## ABOUT THIS EXERCISE
Report each line of the records where "Navy" occurs.

====== DATA TO EXAMINE ======

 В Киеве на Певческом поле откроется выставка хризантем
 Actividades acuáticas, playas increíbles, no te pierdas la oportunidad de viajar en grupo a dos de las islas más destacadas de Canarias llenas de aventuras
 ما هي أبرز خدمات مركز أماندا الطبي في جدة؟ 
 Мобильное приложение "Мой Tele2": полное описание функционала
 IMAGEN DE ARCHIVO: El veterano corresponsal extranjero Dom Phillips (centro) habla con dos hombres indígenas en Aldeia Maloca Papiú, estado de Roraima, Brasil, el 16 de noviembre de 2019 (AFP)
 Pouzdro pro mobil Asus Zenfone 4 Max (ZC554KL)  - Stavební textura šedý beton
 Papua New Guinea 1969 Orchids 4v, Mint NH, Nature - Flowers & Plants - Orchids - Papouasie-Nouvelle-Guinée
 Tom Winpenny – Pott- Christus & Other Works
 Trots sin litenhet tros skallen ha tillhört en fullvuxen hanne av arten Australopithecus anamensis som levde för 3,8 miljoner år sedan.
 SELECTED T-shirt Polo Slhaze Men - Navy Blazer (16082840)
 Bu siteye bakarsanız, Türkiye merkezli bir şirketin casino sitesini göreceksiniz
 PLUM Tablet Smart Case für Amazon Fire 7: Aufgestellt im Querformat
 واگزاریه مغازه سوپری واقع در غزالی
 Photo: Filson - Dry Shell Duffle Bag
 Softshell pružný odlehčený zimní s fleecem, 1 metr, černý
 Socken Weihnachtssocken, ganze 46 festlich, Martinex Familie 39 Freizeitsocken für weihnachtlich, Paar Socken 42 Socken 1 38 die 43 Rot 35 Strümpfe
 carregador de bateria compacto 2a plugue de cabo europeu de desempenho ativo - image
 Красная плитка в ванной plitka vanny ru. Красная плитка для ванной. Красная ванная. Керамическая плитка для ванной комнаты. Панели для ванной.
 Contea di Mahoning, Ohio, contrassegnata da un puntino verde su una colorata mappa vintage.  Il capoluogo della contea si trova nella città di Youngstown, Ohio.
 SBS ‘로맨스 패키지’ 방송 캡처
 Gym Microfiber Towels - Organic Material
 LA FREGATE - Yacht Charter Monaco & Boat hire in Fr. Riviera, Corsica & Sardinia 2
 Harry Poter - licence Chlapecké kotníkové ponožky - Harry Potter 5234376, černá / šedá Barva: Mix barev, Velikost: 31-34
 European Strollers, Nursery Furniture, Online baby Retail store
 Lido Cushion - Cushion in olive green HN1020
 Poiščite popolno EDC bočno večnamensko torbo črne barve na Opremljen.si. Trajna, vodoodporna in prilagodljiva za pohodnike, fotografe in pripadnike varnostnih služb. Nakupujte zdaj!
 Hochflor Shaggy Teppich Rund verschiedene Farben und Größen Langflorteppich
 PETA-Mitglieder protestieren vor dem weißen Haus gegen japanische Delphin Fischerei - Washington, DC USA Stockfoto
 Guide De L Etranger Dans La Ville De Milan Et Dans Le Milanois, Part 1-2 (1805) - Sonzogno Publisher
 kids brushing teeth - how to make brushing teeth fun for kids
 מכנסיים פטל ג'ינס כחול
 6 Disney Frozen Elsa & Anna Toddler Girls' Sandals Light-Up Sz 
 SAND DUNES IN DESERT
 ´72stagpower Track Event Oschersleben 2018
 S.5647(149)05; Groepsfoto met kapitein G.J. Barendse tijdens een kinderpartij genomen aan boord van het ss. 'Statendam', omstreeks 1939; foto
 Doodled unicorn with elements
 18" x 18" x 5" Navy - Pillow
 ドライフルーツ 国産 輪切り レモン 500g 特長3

======

## FINAL ANSWER
 SELECTED T-shirt Polo Slhaze Men - Navy Blazer (16082840)
 18" x 18" x 5" Navy - Pillow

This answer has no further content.